The global supply chain landscape is facing a relentless stress test. From the disruptions caused by the COVID-19 pandemic to the growing impacts of climate change, supply chains have never been more vulnerable. Unlike the game show catchphrase “You are the weakest link. Goodbye,” which neatly dismisses contestants, supply chains must adapt to face these challenges head-on.
The COVID-19 pandemic has already tested the resilience of global supply chains, revealing both strengths and weaknesses. However, this is far from the final examination. The ongoing threat of climate change promises to continue challenging supply chains for the foreseeable future. Over the past year, we’ve witnessed extreme weather events like flooding in Europe and Asia, wildfires in California, and freezing temperatures in Texas disrupting crucial parts of supply chains. Adding ongoing conflicts into the equation further complicates the outlook.
The common approach of severing weak links in the supply chain has several issues. First and foremost, many companies lack deep visibility into their global supply chains, particularly for tier 2 and 3 suppliers. These vulnerabilities often remain hidden until a problem arises. Additionally, while climate change is a reality, predicting its specific impacts remains challenging. Although geographic information systems (GIS) and weather models can offer some advance warning, few businesses are using this data to make supply chain decisions. Lastly, frequent supplier changes can introduce their own risks and disrupt people’s lives.
Instead of immediately eliminating weak links in the supply chain, access to better data can help companies make informed decisions. This begins by obtaining primary, high-frequency sustainability data from factories and partners, including tier 2 and 3 suppliers. By combining this information with impact data from sustainability platforms and environmental data from GIS providers and reinsurance companies, companies can identify which supply chain partners are most vulnerable to climate change and when they are most susceptible. The next step is to determine how to use this information effectively: Should companies disengage from at-risk suppliers or help reduce their risk exposure to strengthen the existing supply chain?

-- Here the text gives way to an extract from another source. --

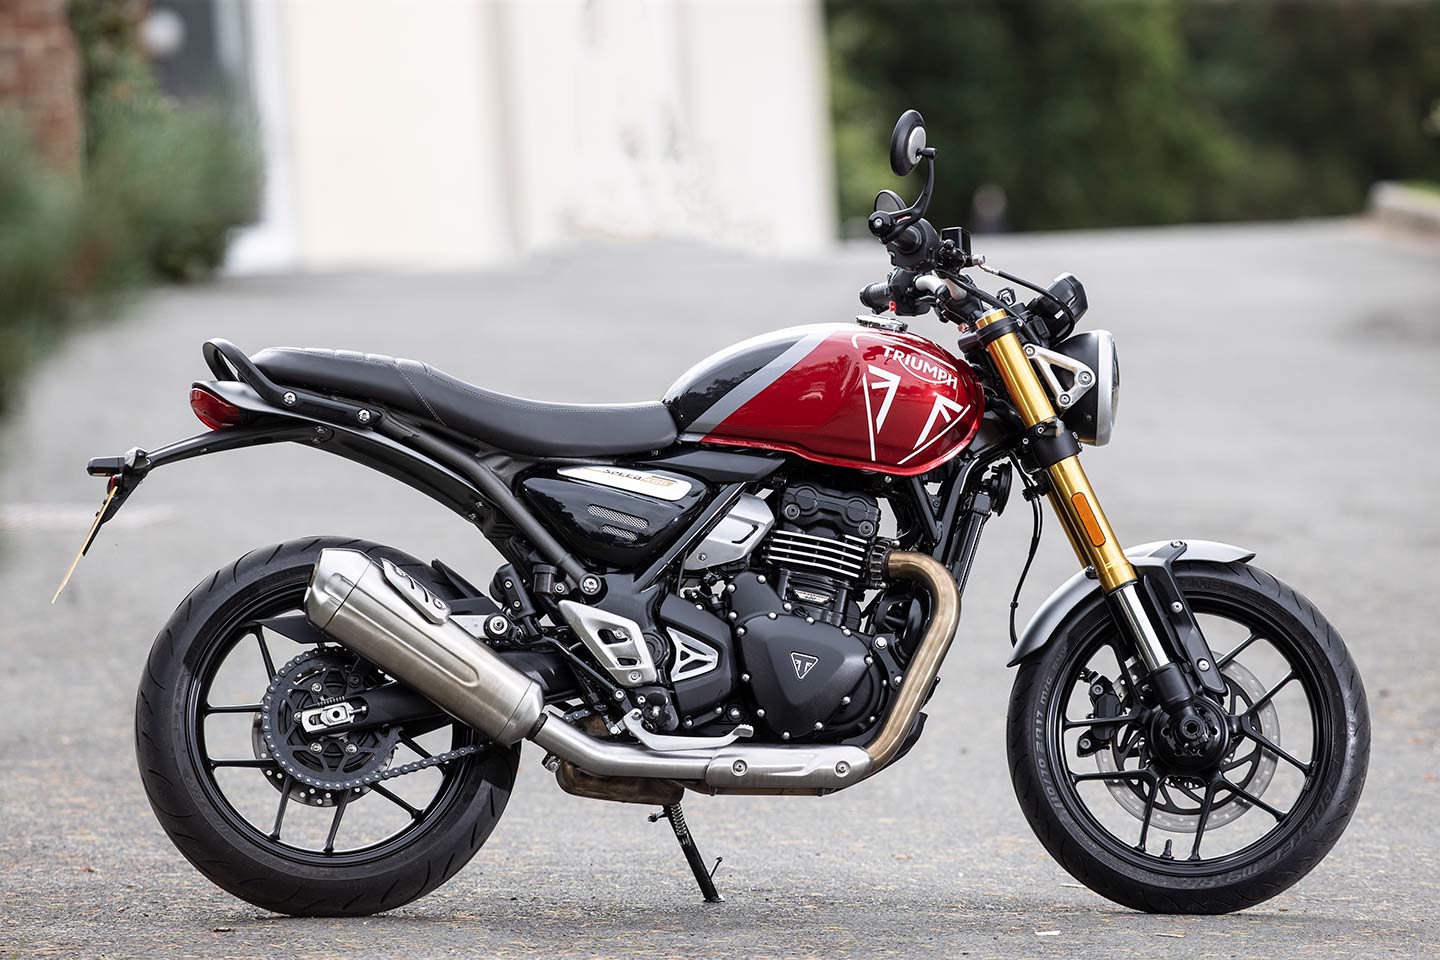 The big question is what price Triumph will put on the Speed 400 when it arrives in the US.

Embracing Sustainability to Bolster Supply Chains
To mitigate the negative effects of climate change on supply chains, businesses must become better stewards of natural and human resources. Sustainability is at the heart of this effort, and brands are under increasing pressure from policymakers and consumers to adopt environmentally and socially responsible practices across their entire supply chain.
Sustainability doesn’t mean brands must act as enforcers but rather as supporters of sustainability. To address climate-related disruptions, brands can take several measures to help their suppliers fortify their operations. For instance, if a factory is at risk of flooding, brands can incentivize partners to create flood defenses or assist them in qualifying for low-interest loans to modernize their facilities. Such support need not always involve direct financial assistance but can take creative forms, like annual production commitments that help suppliers secure loans.
In the apparel industry, where climate and social issues often go undetected due to limited data reporting, true sustainability goes beyond giving out T-shirts. Workers seek better working conditions, job stability, and access to low-interest loans. Building a sustainable supply chain is a more meaningful investment for apparel brands than creating redundant supply chains or constantly replacing links compromised by climate change.
While COVID-19 and climate change may disrupt supply chains, the real issue lies in the relentless pursuit of ever-cheaper products. The demand for low-cost goods has pushed manufacturing into remote areas of the world, many of which are susceptible to increasingly severe weather conditions. Disentangling these supply chains and eliminating the weakest links only create more problems due to the intricate interdependencies between regional producers and suppliers. Brands must realize that they are only as strong as the weakest link in their supply chain. They can choose to be a bully or an umbrella—ultimately, the choice is theirs.